The Underlying Human Challenges to Data Quality
People have been complaining about data quality for as long as I can remember.
But at a fundamental level, organisations make a critical mistake when trying to address it: they focus on symptoms rather than causes.
When a CEO questions why the sales numbers don't match across reports, the typical answer is to a quick fix—update the dashboard, manually correct the data, or add another quality check. And as I covered in my article last summer on data quality, it’s the root causes of quality that cause the problems, and these remain unchecked, ready to strike mistrust in the data after that band-aid has fallen off.
Considering human history and psychology, this makes sense. From a historical perspective, before computers, you manually checked things if they seemed wrong. Then you fixed them. Automation wasn’t really a thing and for business stakeholders who are so used to manually creating reports and checking the outputs, this logic persists.
On the psychological side, when humans encounter a problem, they naturally address it at a surface level because they don’t know how to tackle the deeper root issue. Only experts make that assessment and lay out a plan to solve for the long term. It takes individuals with an understanding of the problem to identify it, and they then invest in an expert to help solve it (think a doctor, contractor, or plumber, although problems in these professions are commonly).
When you combine these elements and add the data and technology component, the complexity snowballs.
A big reason for this is that data quality is not an obvious or clear problem—in fact data quality is defined differently depending on who you talk to.

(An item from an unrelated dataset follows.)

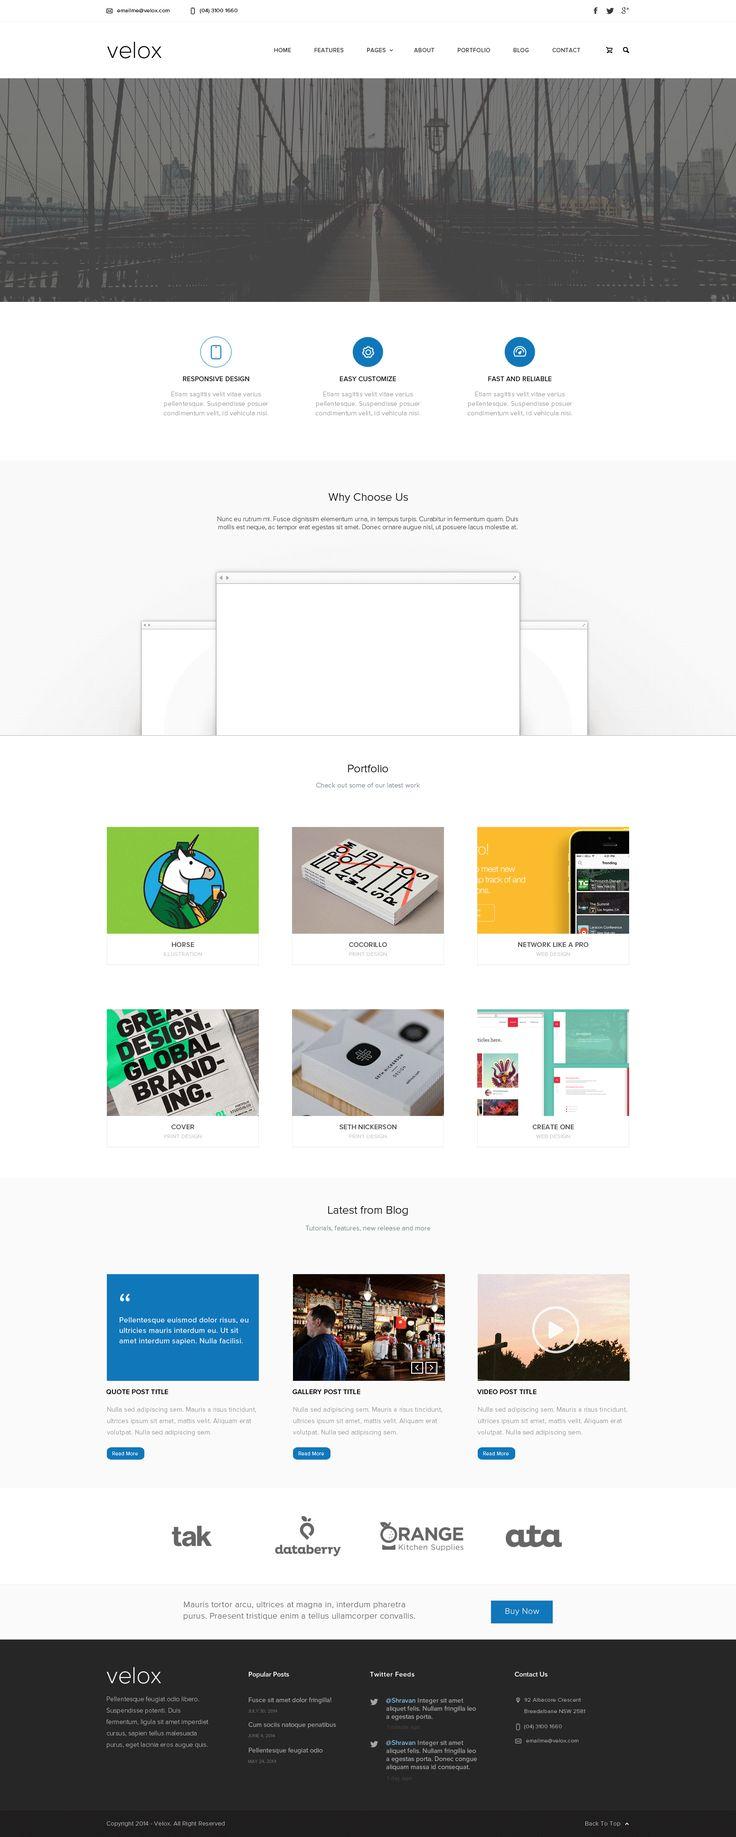 540 best Design | Inspo | Freebies images on Pinterest | Graphic art

Of course, there are the obvious issues, such as missing data, misspelt inputs, or huge outliers. However, most of the problems we encounter today are more nuanced (e.g., different formats, outdated numbers, data that appears incorrect, inconsistent spellings of the same term, etc.). And these issues stem from a lack of agreement between business and data stakeholders.
A significant aspect of this issue is often highlighted as a data literacy gap. On the other hand, data professionals usually have a business literacy gap. Brought together, you can call this a business-data gap, where business stakeholders and data teams view quality through different lenses:
Business teams consider quality in terms of usability for their specific use cases. Does the data make sense to them is another way of saying, is it accurate, relevant and reliable? Ultimately, the primary question comes down to either "Can I trust this data to make a decision?" or “What is this data telling me?”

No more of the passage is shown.